First things first: This place makes the best margherita pizza in Seattle. Its chewy crust is spread with a luscious, almost creamy tomato sauce and milky-soft mozzarella melting softly on top, with basil strewn about ($9).

It’s really no mystery when you know the back story: Chef Jerry Corso built a pizza oven in his Beacon Hill backyard and spent a year perfecting his crusts, working out the kinks and hosting fundraisers so that one day, he and partner Gina Tollentino Corso could make their dream restaurant a reality on Beacon Hill, not exactly a destination for Italian food.

Or rather, it didn’t used to be.

Now, lines flow out the door and onto the sidewalk: young families, groups of friends, neighbors too tired to cook and hungry for the gooey-cheese-centered fried risotto balls ($5), or daily specials like the char-grilled octopus on firm borlotti beans ($9) in a pool of the outstanding tomato sauce drizzled with grassy olive oil (bonus: the leftover sauce is ideal for dipping pizza crust).

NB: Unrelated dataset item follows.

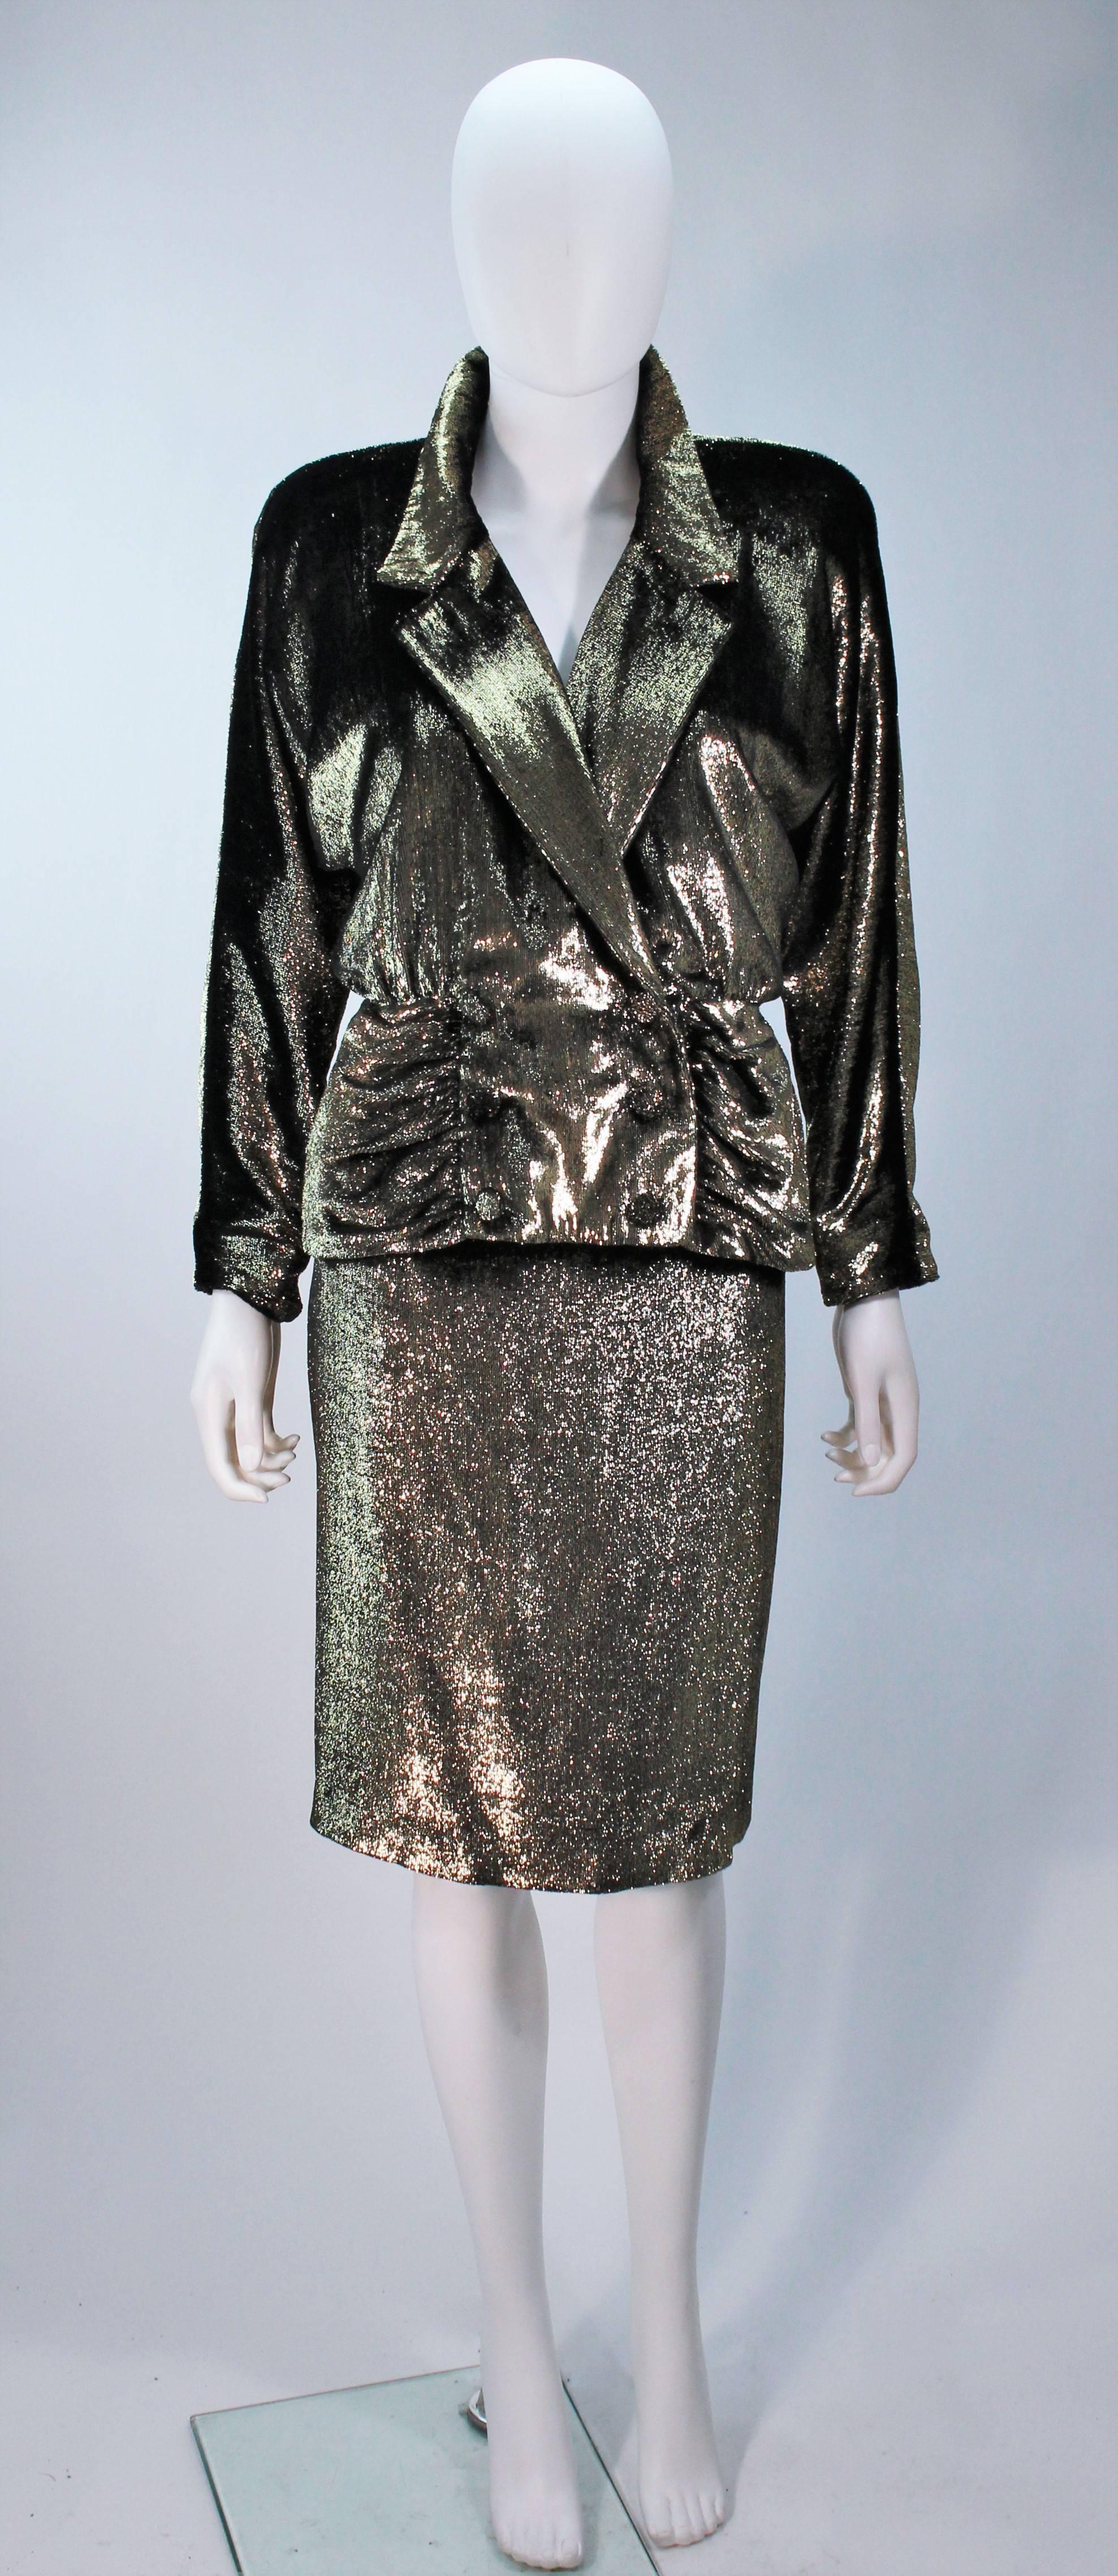  This Travilla  skirt suit is composed of a black and gold metallic velvet lame. The suit jacket features center front closures, shoulder pads, and a draped neckline. The skirt has a zipper closure. In excellent vintage condition.

  **Please

Small plates, such as the tender meatballs ($7) and the sautéed clams ($7.50), are remarkably good in their own right, but the pizza here is supremely good. That margherita is hard to pass by ($9), but a perfect puttanesca pizza hits all the salty-spicy high notes ($12.50).

Yet even more than the pizza, it’s the feel of the place—the room-spanning bar, where regulars pop in for pizza and a beer, the high ceilings, the wood-framed picture windows, but mostly the particularly delicious flavor of neighborliness that happens when a great restaurant opens in an underserved neighborhood—that’s such a triumph for the neighborhood. Eat there and you’ll take a little of that “happy” home with you. I know I did.